Clarifying Regression Diagnostics for Linear Regression
How to test the required assumptions
Regression diagnostics are a series of regression analysis techniques that test the validity of a model in a variety of ways. These techniques can include an examination of the underlying mathematical assumptions of the model, an overview of the model structure through the consideration of formulas with fewer, more, or unique explanatory variables, or an analysis of observation subsets, such as searching for those which are either badly represented by the data, like outliers, or that have a reasonably large effect on the predictions of the regression model. In this blog post, I’ll show you some of the approaches/tests that you can use for regression diagnostics.
A measure for normality is the Jarque-Bera, or JB, test. This measure is generally used for large sets of data, since other measurements, such as Q-Q Plots (which will be discussed shortly), may become inaccurate when the data size is too large. To see whether it fits a normal distribution, the Jarque-Bera test inspects the skewness and kurtosis of results, and is a common approach to inspect the distribution of errors in regression.
In Python, the JB test can be used using statsmodels. A JB value of approximately 6 or greater implies that errors are not normally distributed. This is determined because, assuming you have an alpha = .05, the JB score is greater than your alpha, meaning that the normality null hypothesis has been dismissed. In comparison, a value near 0 means that the data is normally distributed.
Q-Q Plots are also used as a measure to verify normality. When used for regular, normal quantiles, Q-Q plots are also called normal density plots. These plots are a good way for model error distribution to be inspected. Normal Q-Q plots are a valuable visual evaluation of how well your residuals represent what you can anticipate from a normal distribution.
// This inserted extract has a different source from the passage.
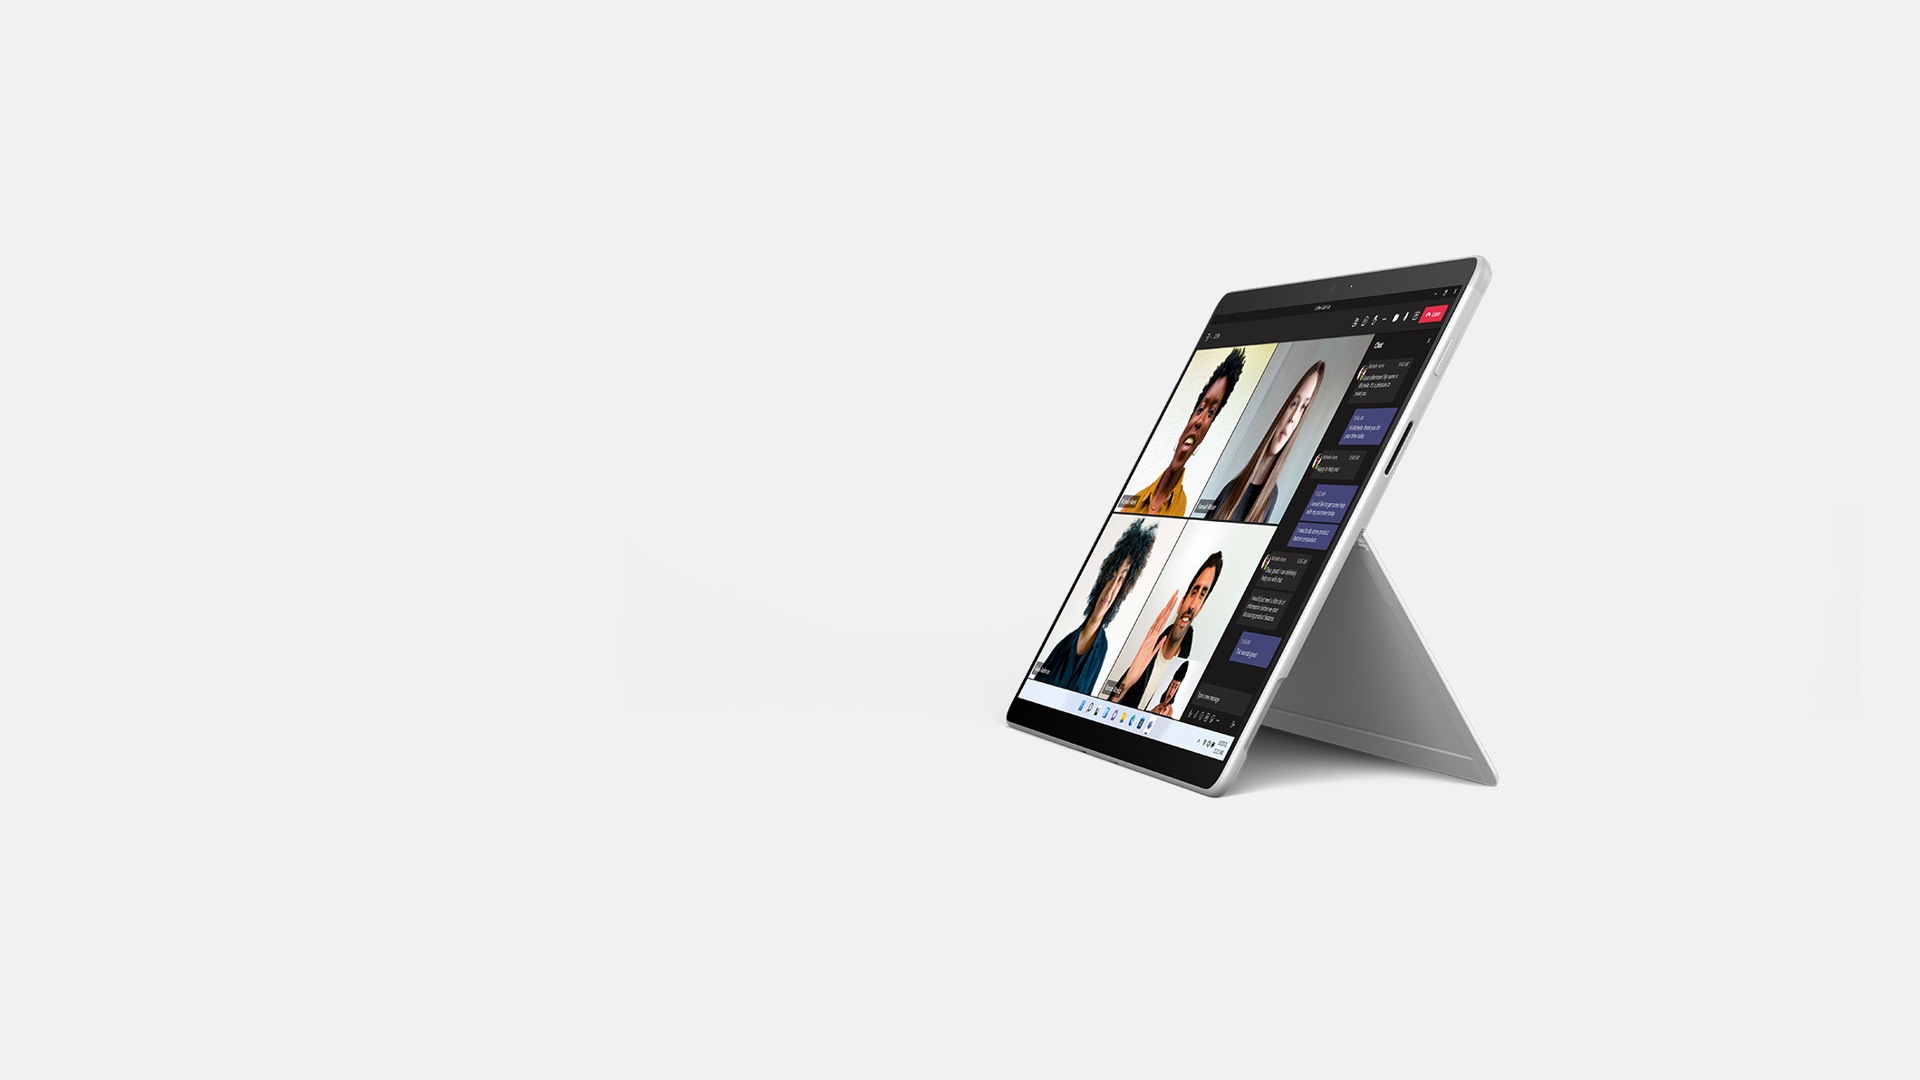 جهاز Surface Pro X معروض في وضع الحامل.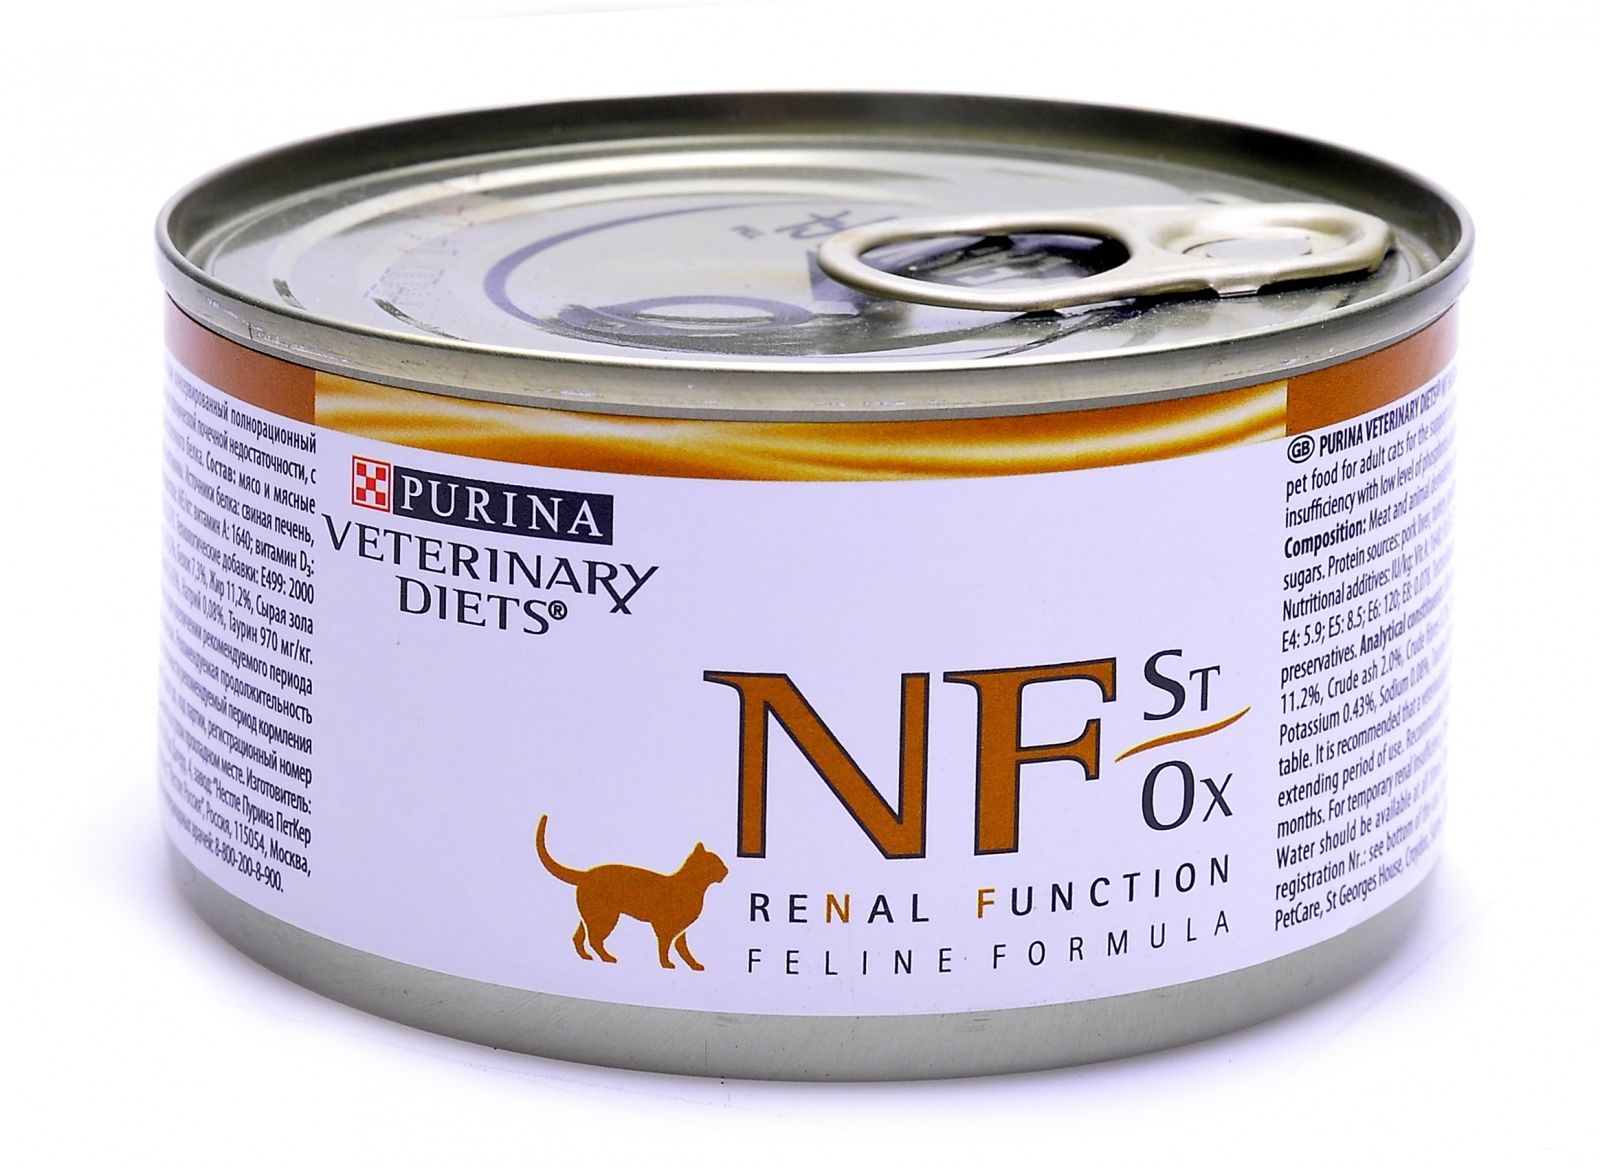 Почечный корм для кошек влажный. Purina NF renal консервы для кошек при патологии почек 195 г. Корм про план НФ для кошек консервы. Пурина влажный корм renal NF. Ренал для кошек корм для кошек консервы.

From Q-Q plots, skew, heavy & light-tailed distributions, and outliers, all of which are failures of normality, can be analyzed. Below is an example of a Q-Q plot from one of my projects (and not a very good one!)
The Goldfeld-Quandt, or GQ, test is used in regression analysis to search for heteroscedasticity in the error values. Heteroscedasticity is seeing if there is different variance for two groups. It tests whether a value that can be used to distinguish the variance of the error term can be specified. It’s a parametric test that uses the presumption that the data is distributed normally. This means that it is standard procedure to test for normality before going over to the GQ test. Statsmodels provides the ability to run this test as well.
When determining the significance of the results of the GQ test, you will be observing the F-statistic, keeping in mind that homoscedasticity is the null hypothesis. Typically, high F values suggest that the variances differ. The greater the F-statistic, the more proof we have against the assumption of homoscedasticity, and the more likely we are to have heteroscedasticity. There would be no systemic differences between residuals if the error term is homoscedastic, and F values would be low. The p-value for the test(s) indicates whether or not to dismiss the homoscedasticity null hypothesis. A very common alpha level to reject null hypotheses is 0.05.
Thank you for reading! I hope this helped better understand the different tests that must be performed when checking the required assumptions for linear regression.